## TASK BRIEF
Exclude all pictures from your copy of the data below, which should otherwise match exactly.

## DATASET EXCERPT
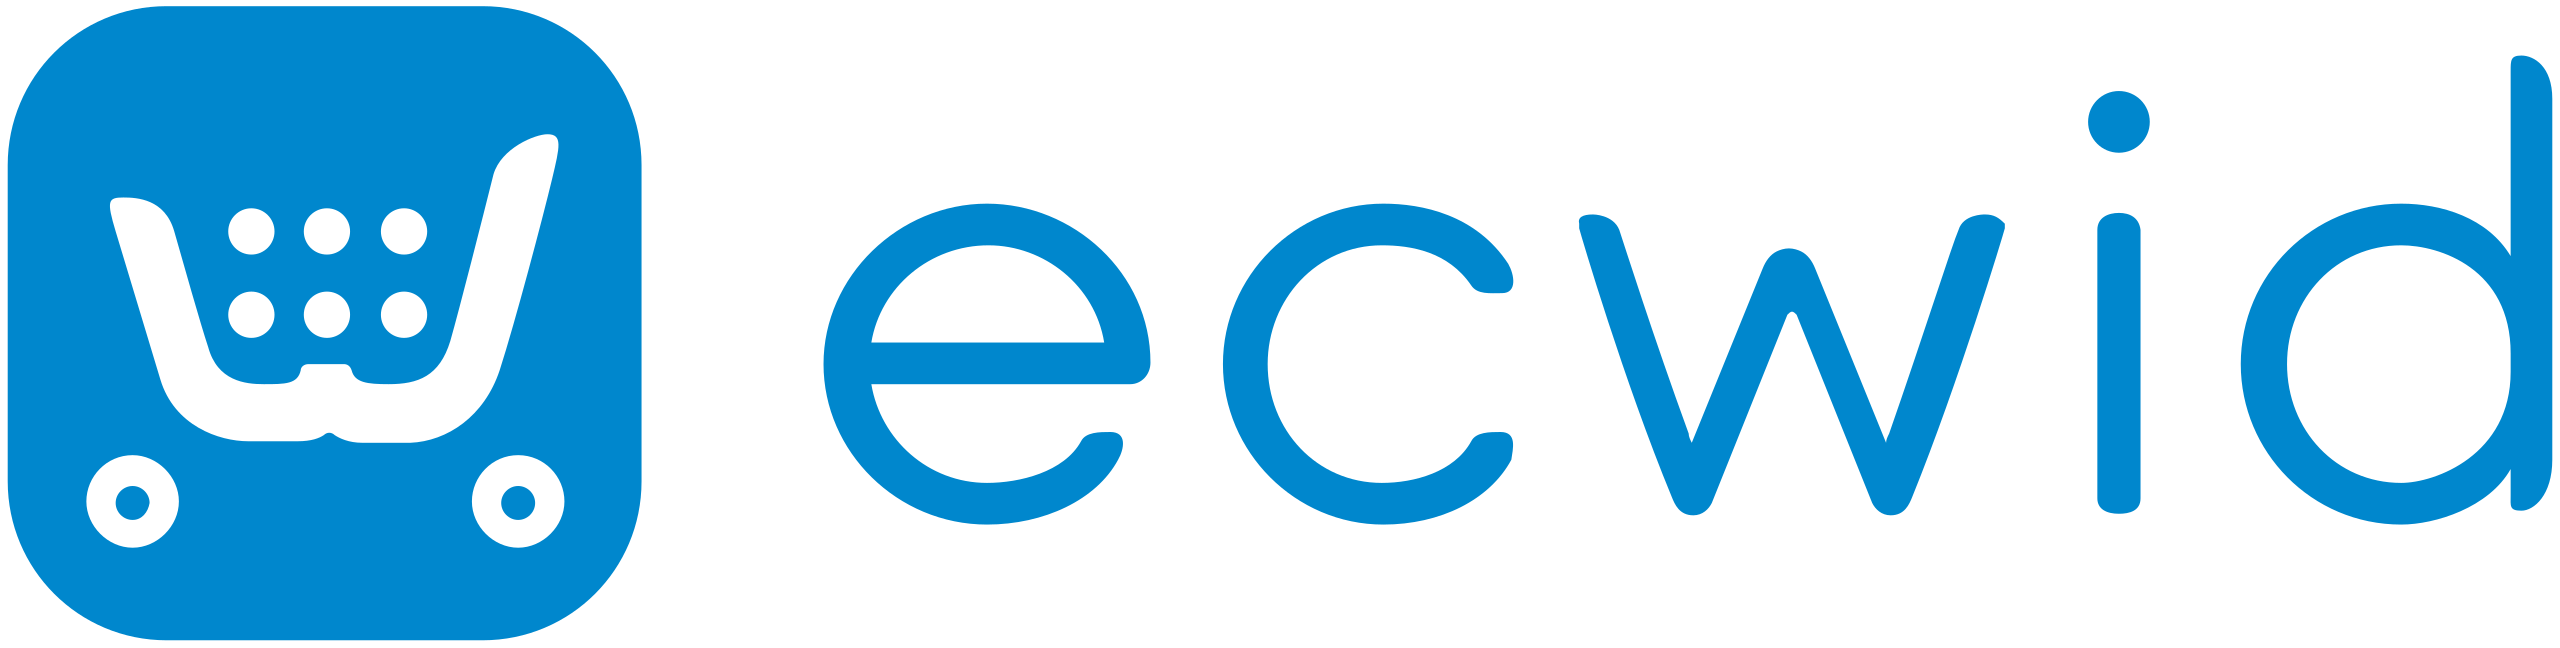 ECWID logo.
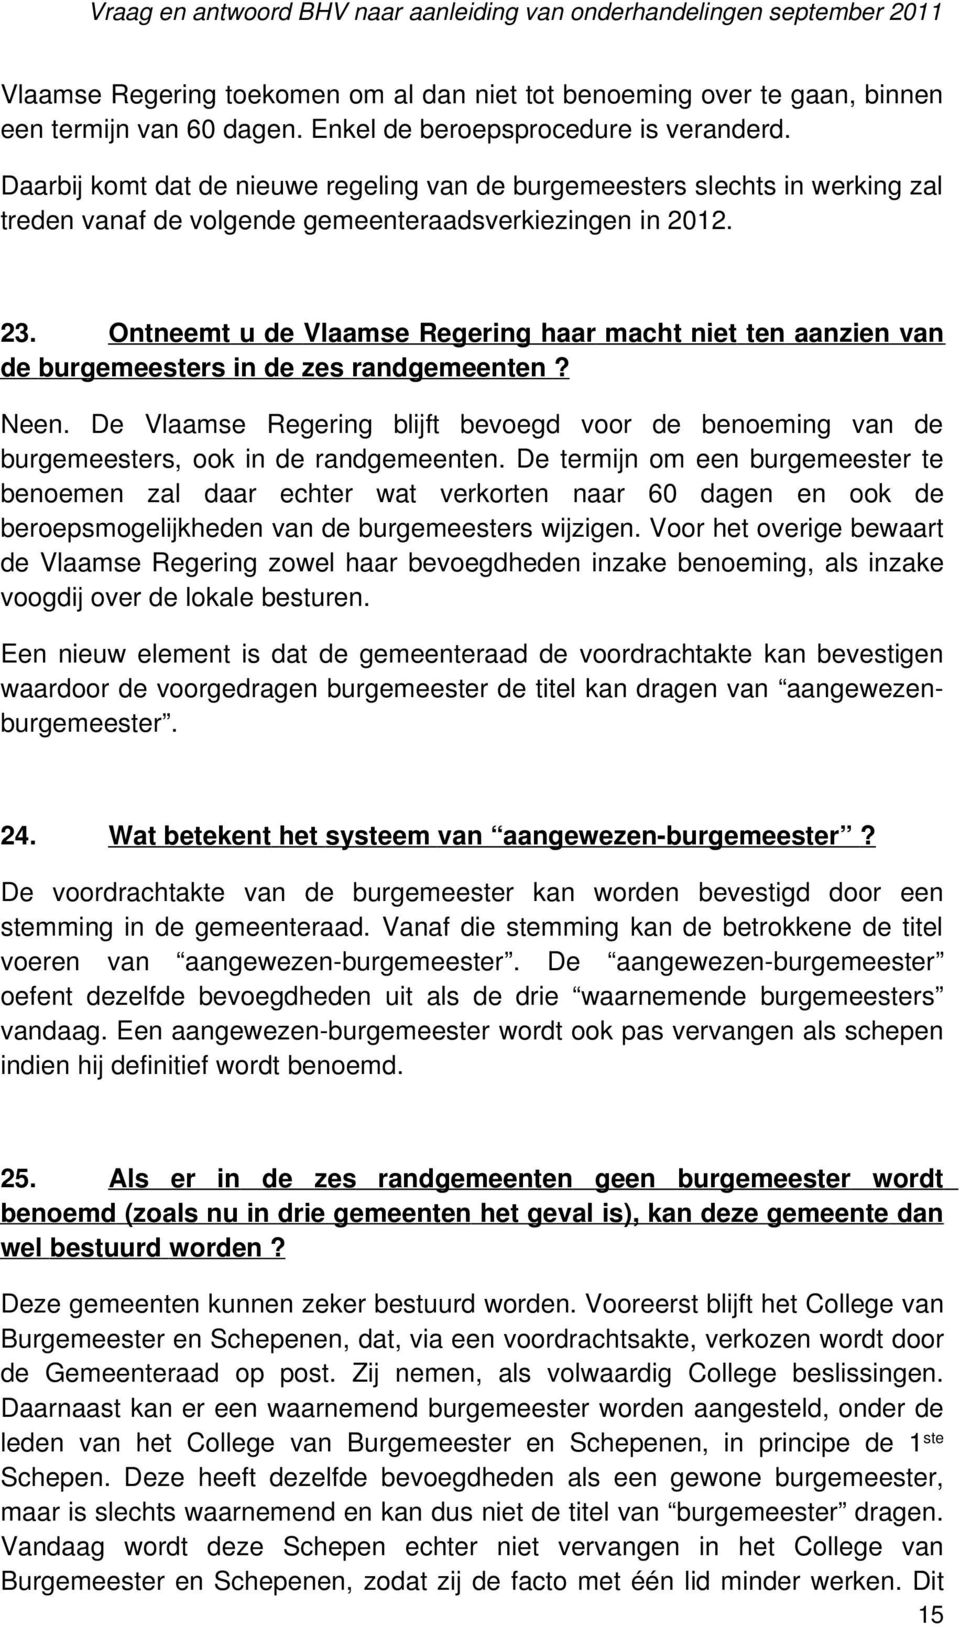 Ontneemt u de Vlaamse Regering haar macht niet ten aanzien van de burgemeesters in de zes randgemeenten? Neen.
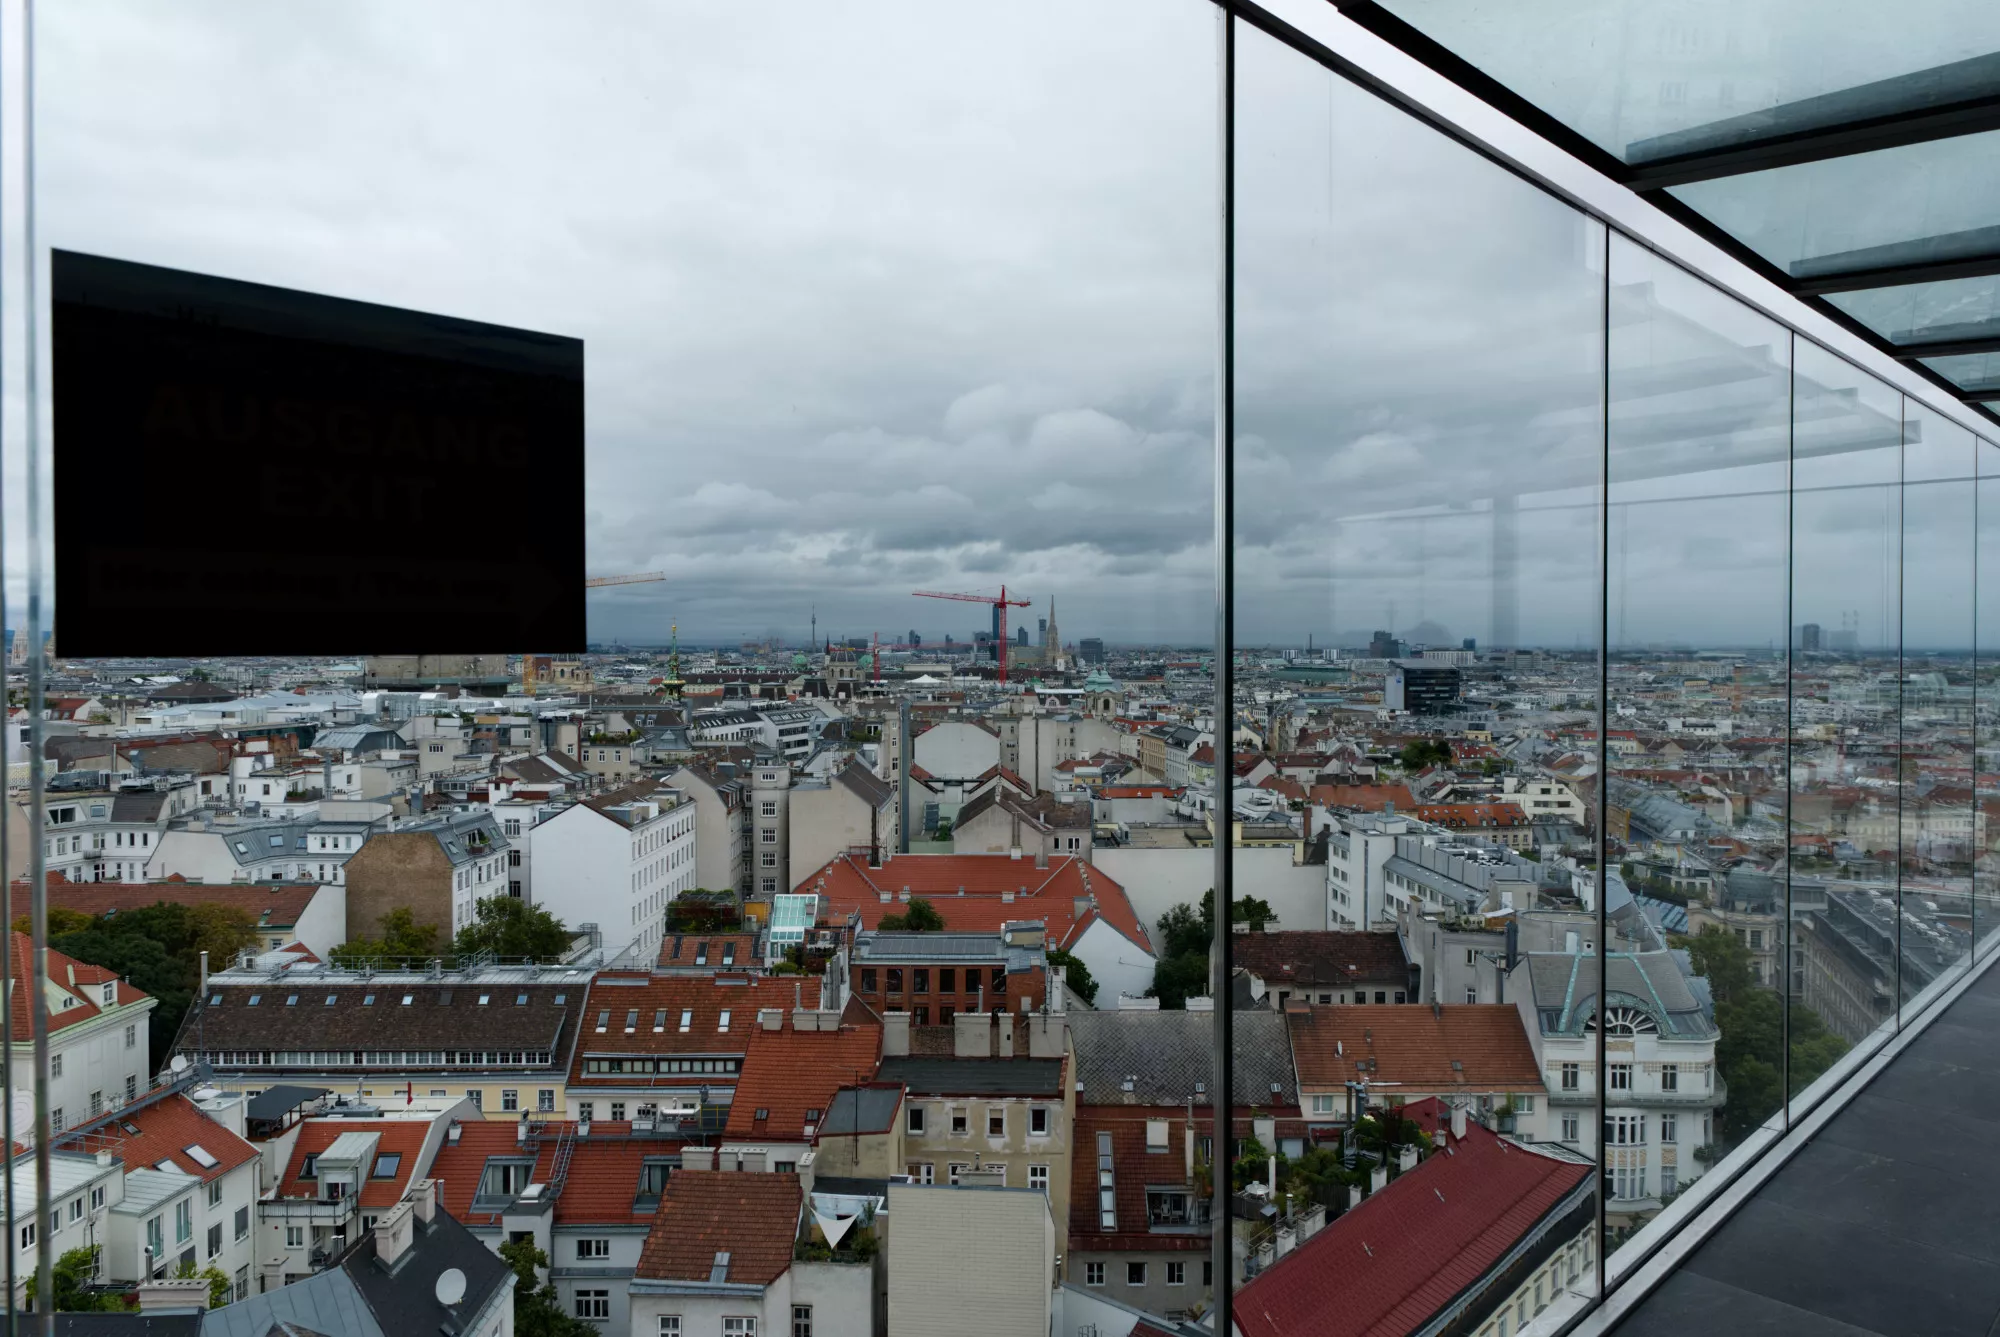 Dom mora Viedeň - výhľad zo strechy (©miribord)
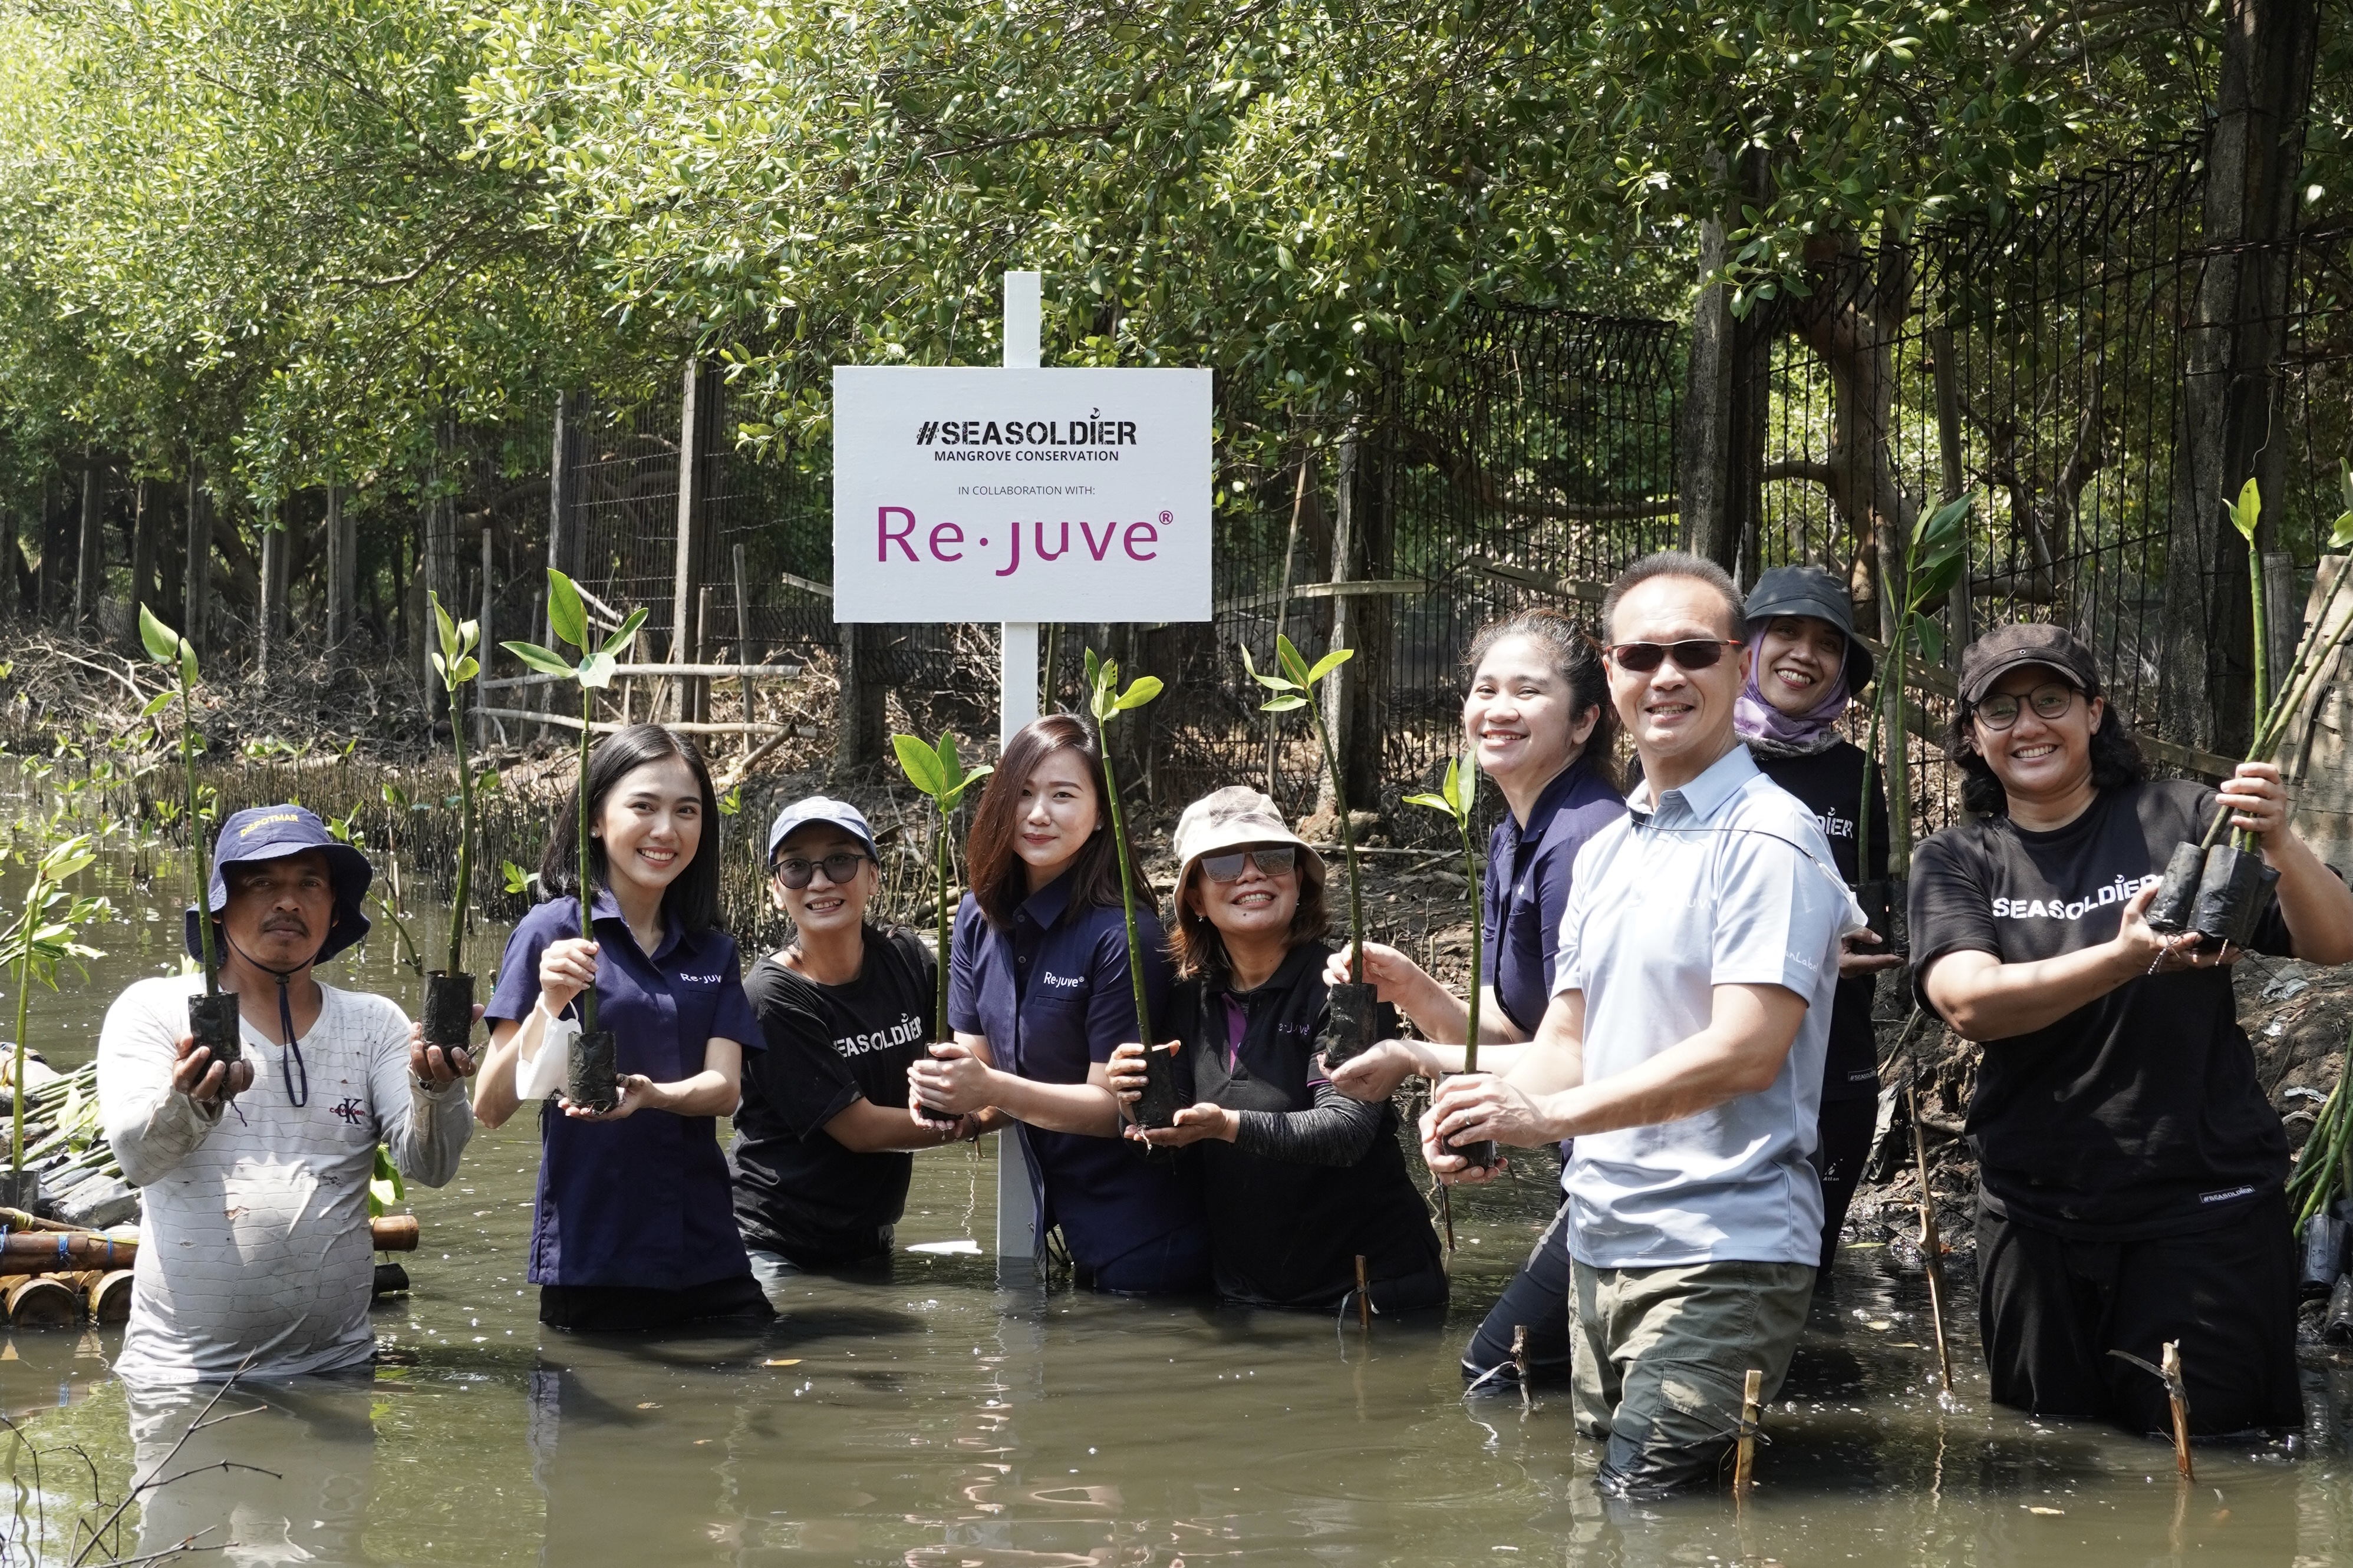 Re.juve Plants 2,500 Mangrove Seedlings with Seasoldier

## YOUR RESPONSE
 ECWID logo.
 Ontneemt u de Vlaamse Regering haar macht niet ten aanzien van de burgemeesters in de zes randgemeenten? Neen.
 Dom mora Viedeň - výhľad zo strechy (©miribord)
 Re.juve Plants 2,500 Mangrove Seedlings with Seasoldier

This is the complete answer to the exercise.